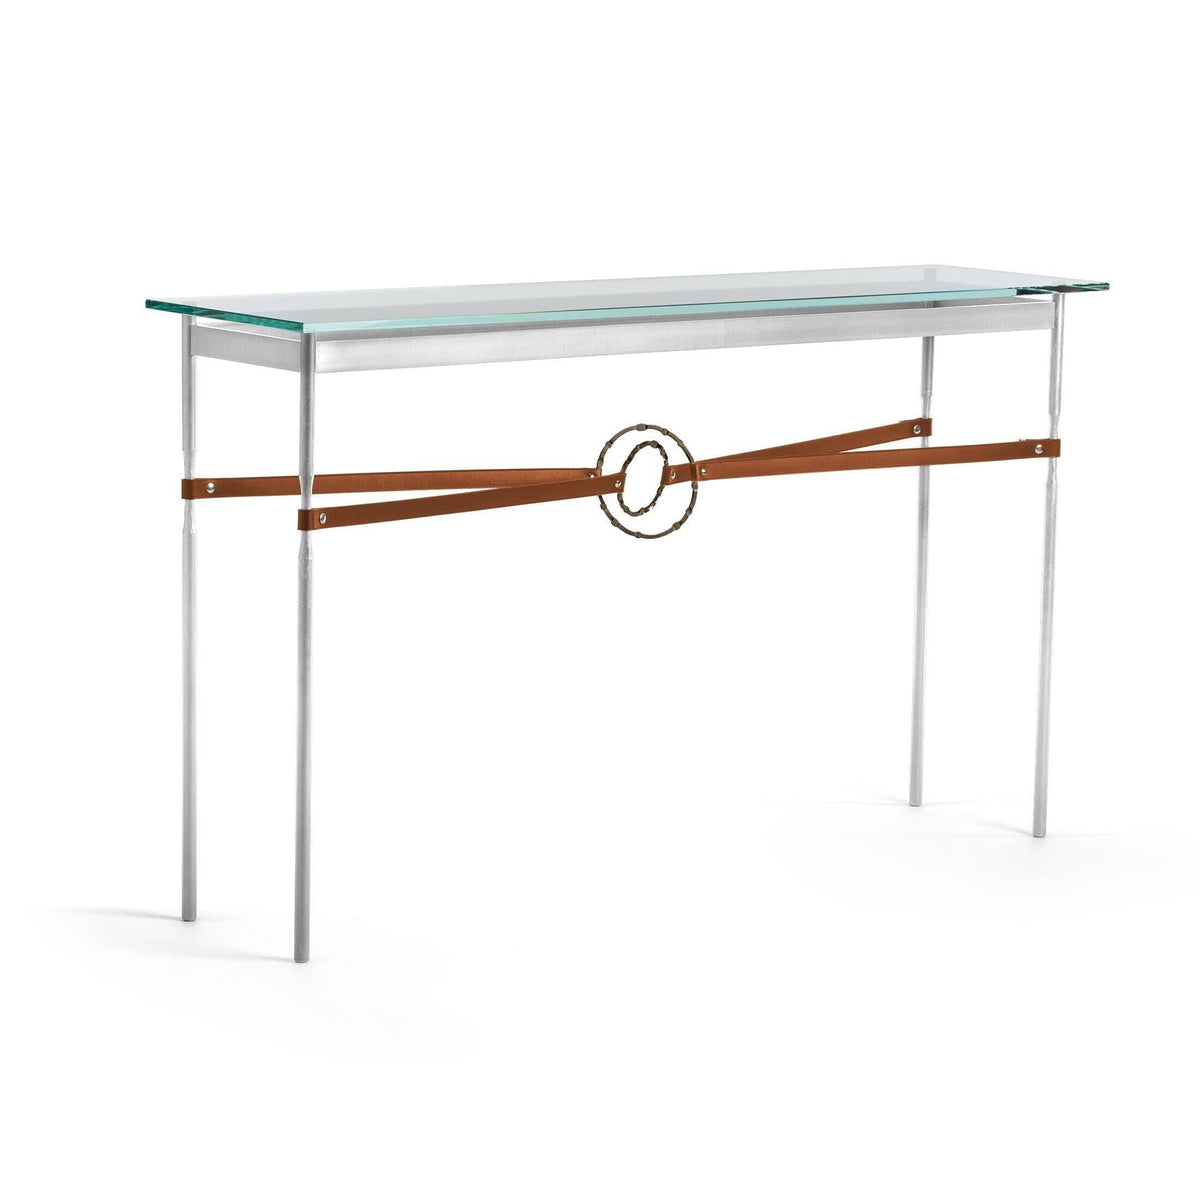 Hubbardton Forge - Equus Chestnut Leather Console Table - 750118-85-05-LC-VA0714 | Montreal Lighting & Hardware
---
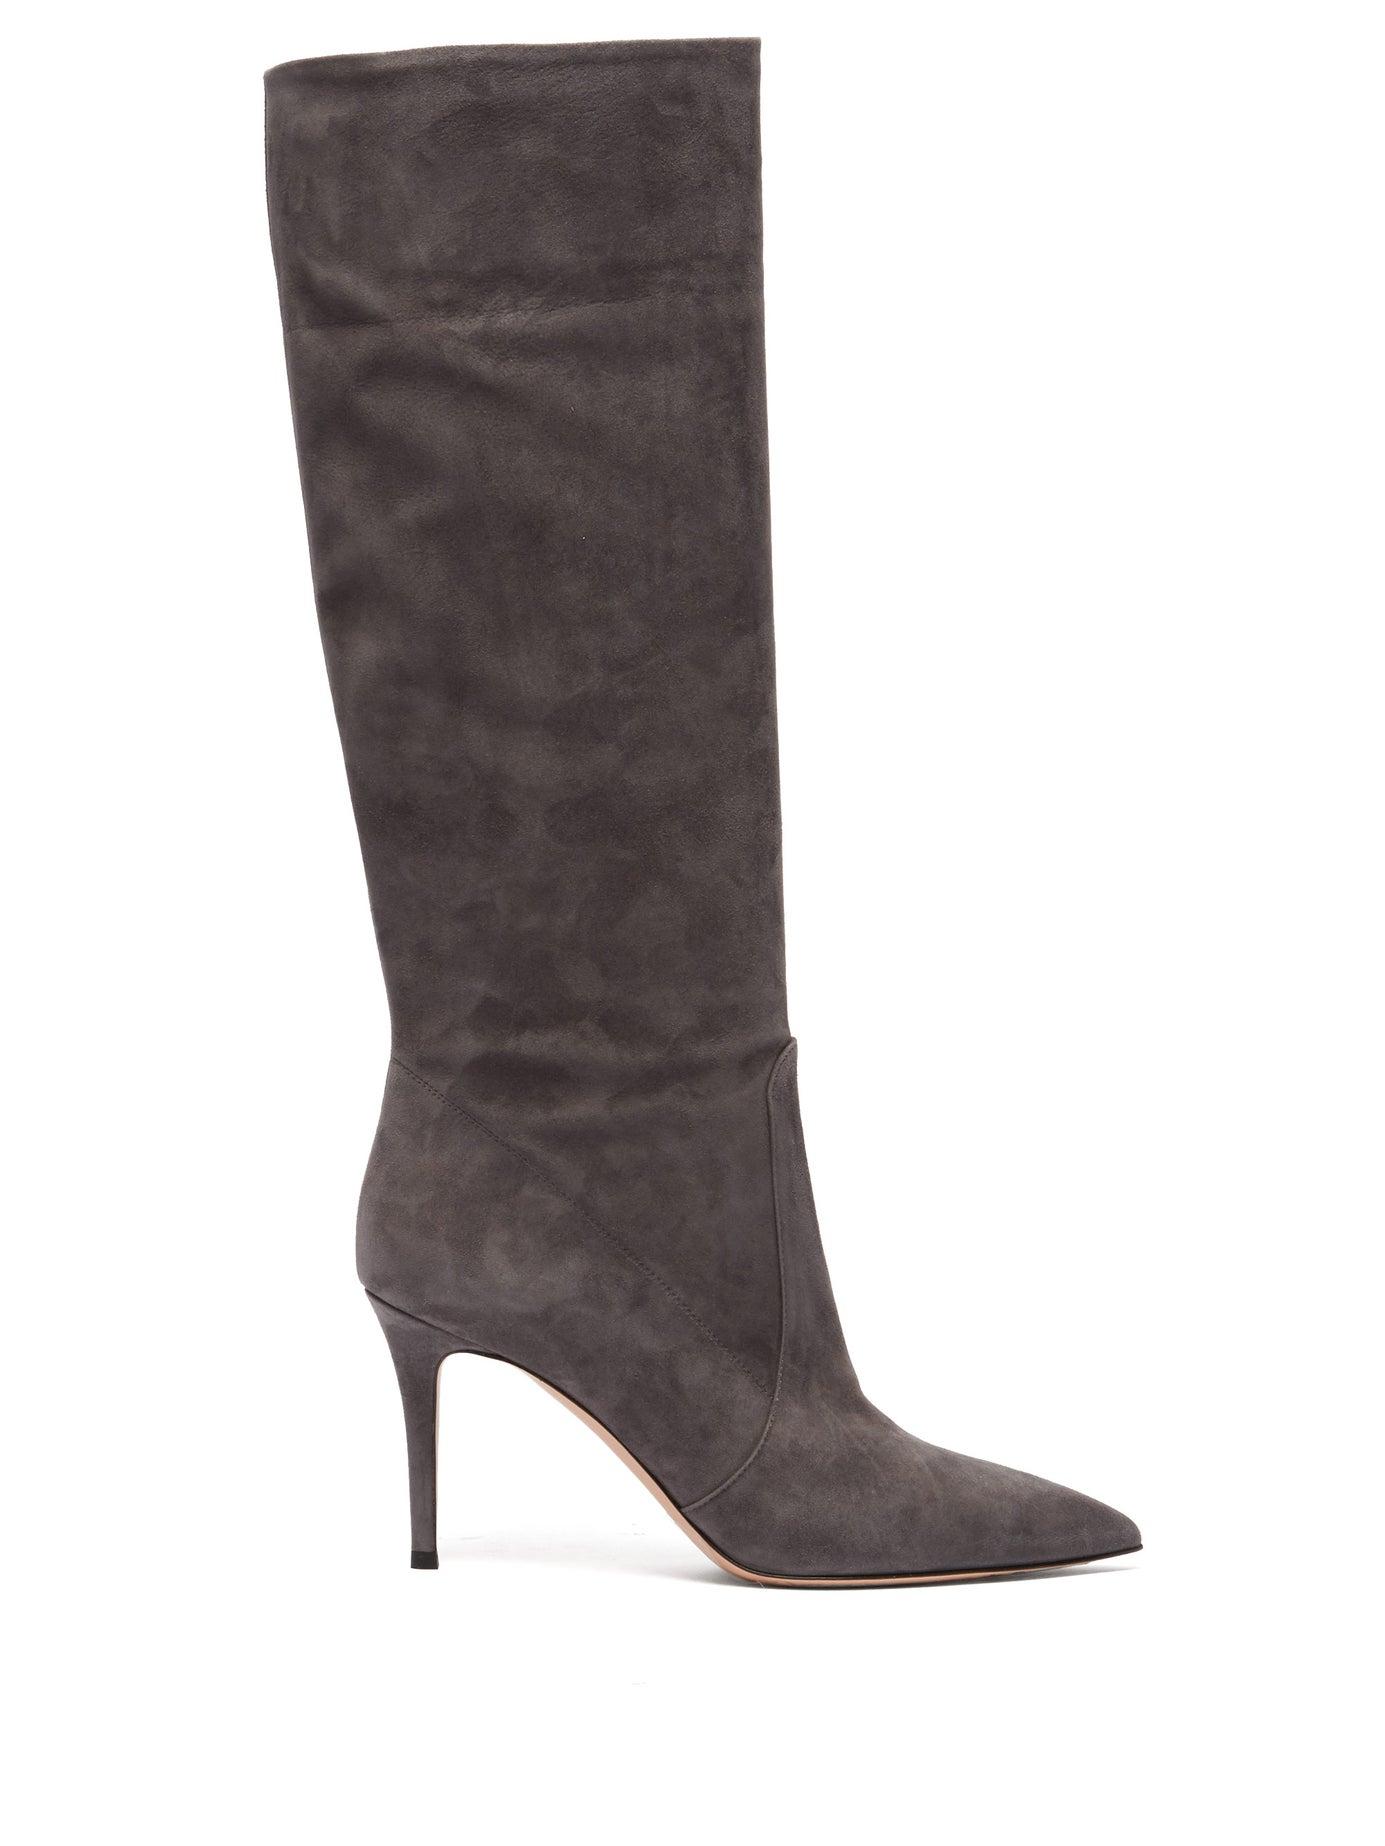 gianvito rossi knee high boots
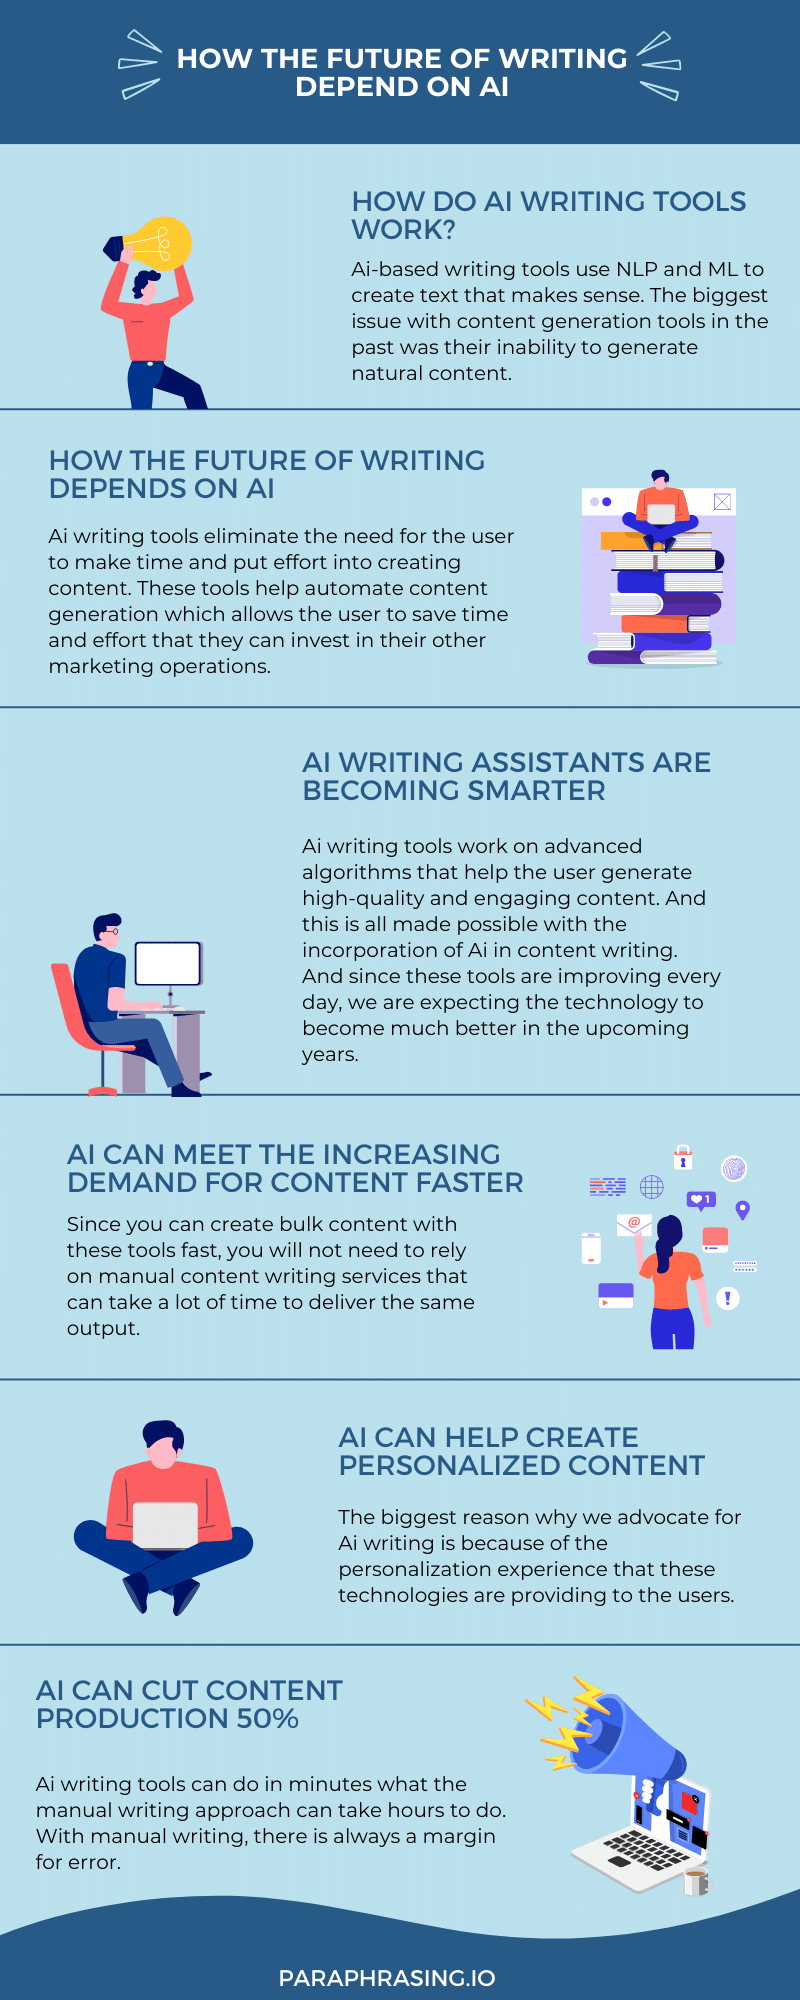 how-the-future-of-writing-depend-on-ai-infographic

Task directions:
Leaving pictures out, output the lines of the data above from the one with "gianvito rossi knee high boots" through the one with "how-the-future-of-writing-depend-on-ai-infographic", word for word.

Task output:
 gianvito rossi knee high boots
 how-the-future-of-writing-depend-on-ai-infographic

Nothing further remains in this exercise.